Home > Mountain Car

Introduction

The mountain car is not sufficiently powerful to climb the hill directly, but must instead develop a strategy based on the surrounding slopes. You can read more about this environment here. Below is an example of running a random (untrained) agent in this environment. The episode takes quite a long time to terminate.

Training

Train a control agent for the mountain car environment with the following command.

rlai train --agent "rlai.gpi.state_action_value.ActionValueMdpAgent" --continuous-state-discretization-resolution 0.005 --gamma 0.95 --environment "rlai.core.environments.gymnasium.Gym" --gym-id "MountainCar-v0" --render-every-nth-episode 1000 --video-directory "~/Desktop/mountaincar_videos" --train-function "rlai.gpi.temporal_difference.iteration.iterate_value_q_pi" --mode "Q_LEARNING" --num-improvements 10000 --num-episodes-per-improvement 1 --epsilon 0.01 --make-final-policy-greedy True --num-improvements-per-plot 100 --num-improvements-per-checkpoint 100 --checkpoint-path "~/Desktop/mountaincar_checkpoint.pickle" --save-agent-path "~/Desktop/mountaincar_agent.pickle"

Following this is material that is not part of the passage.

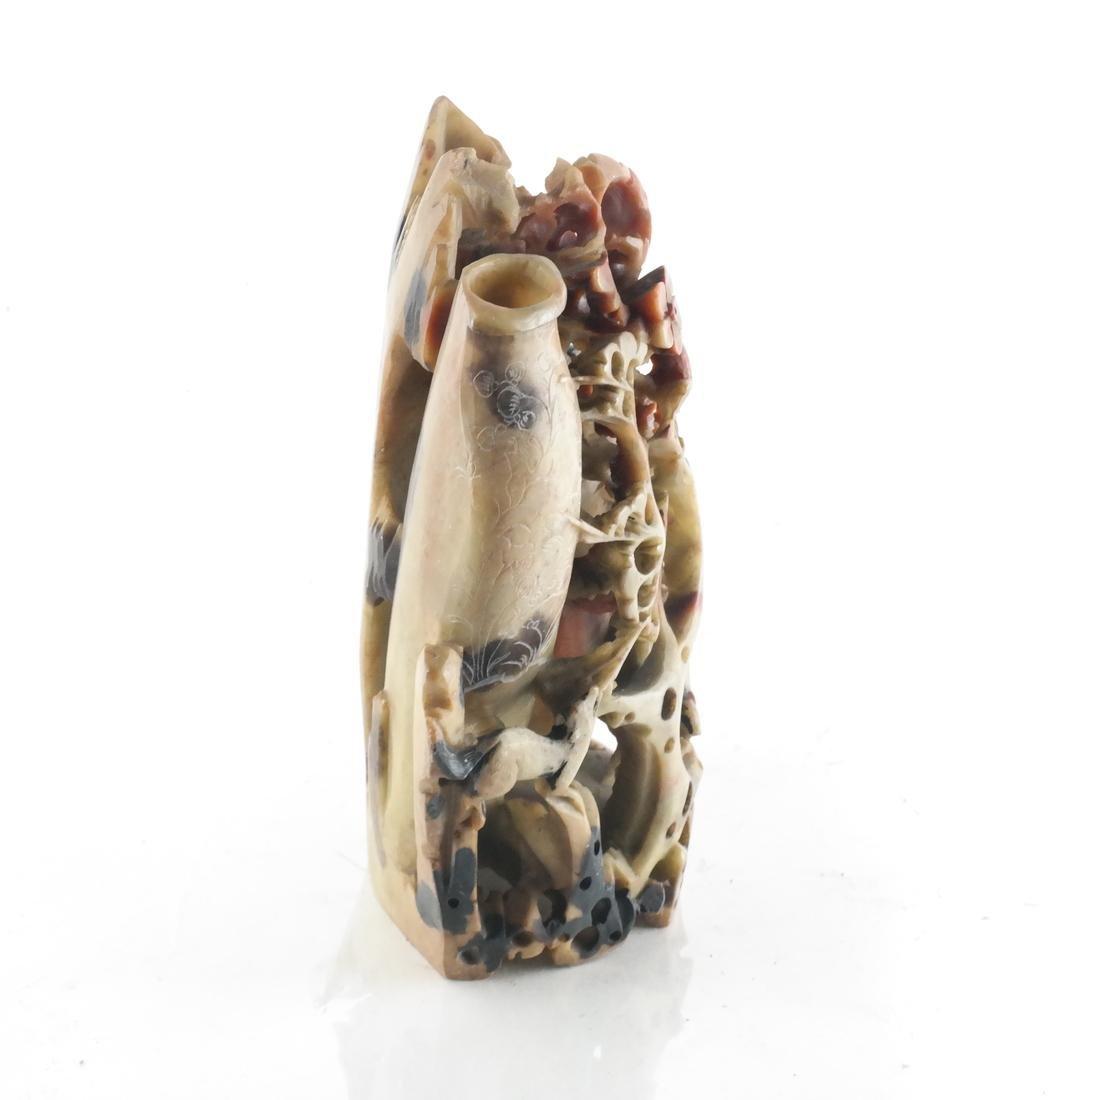 Chinese Ornate Hardstone Vase - 4

Arguments are explained below.

train: Train the agent.
--agent "rlai.gpi.state_action_value.ActionValueMdpAgent": Standard action-value MDP agent.
--continuous-state-discretization-resolution 0.005: Discretize the continuous state space into discrete intervals with resolution 0.005. The methods used here are for discrete-state problems, so some type of discretization of the continuous state space is required.
--gamma 0.95: Discount the reward passed backward to previous state-action pairs. This is an important part of getting the agent to learn a useful policy. Without discounting, particularly in early iterations, the protracted fumbling about with poor actions would eventually be rewarded fully for a subsequent success. By discounting prior actions, the agent eventually learns to focus on later actions that are instrumental to success.
--environment "rlai.core.environments.gymnasium.Gym": Environment class.
--gym-id "MountainCar-v0": Gym environment identifier.
--render-every-nth-episode 1000: Render a video every 1000 episodes (1000 improvements).
--video-directory "~/Desktop/mountaincar_videos": Where to store rendered videos.
--train-function "rlai.gpi.temporal_difference.iteration.iterate_value_q_pi": Run iterative temporal-differencing on the agent’s state-action value function.
--mode "Q_LEARNING": Use q-learning to bootstrap the value of the next state-action pair.
--num-improvements 10000: Number of policy improvements (iterations).
--num-episodes-per-improvement 1: Number of episodes per improvement.
--epsilon 0.01: Probability of behaving randomly at each time step.
--make-final-policy-greedy True: After all learning iterations, make the final policy greedy (i.e., epsilon=0.0).
--num-improvements-per-plot 100: Plot training performance every 100 iterations.
--num-improvements-per-checkpoint 100: Checkpoint the learning process every 100 iterations, enabling resumption.
--checkpoint-path "~/Desktop/mountaincar_checkpoint.pickle": Where to store the checkpoint.
--save-agent-path "~/Desktop/mountaincar_agent.pickle": Where to save the final agent.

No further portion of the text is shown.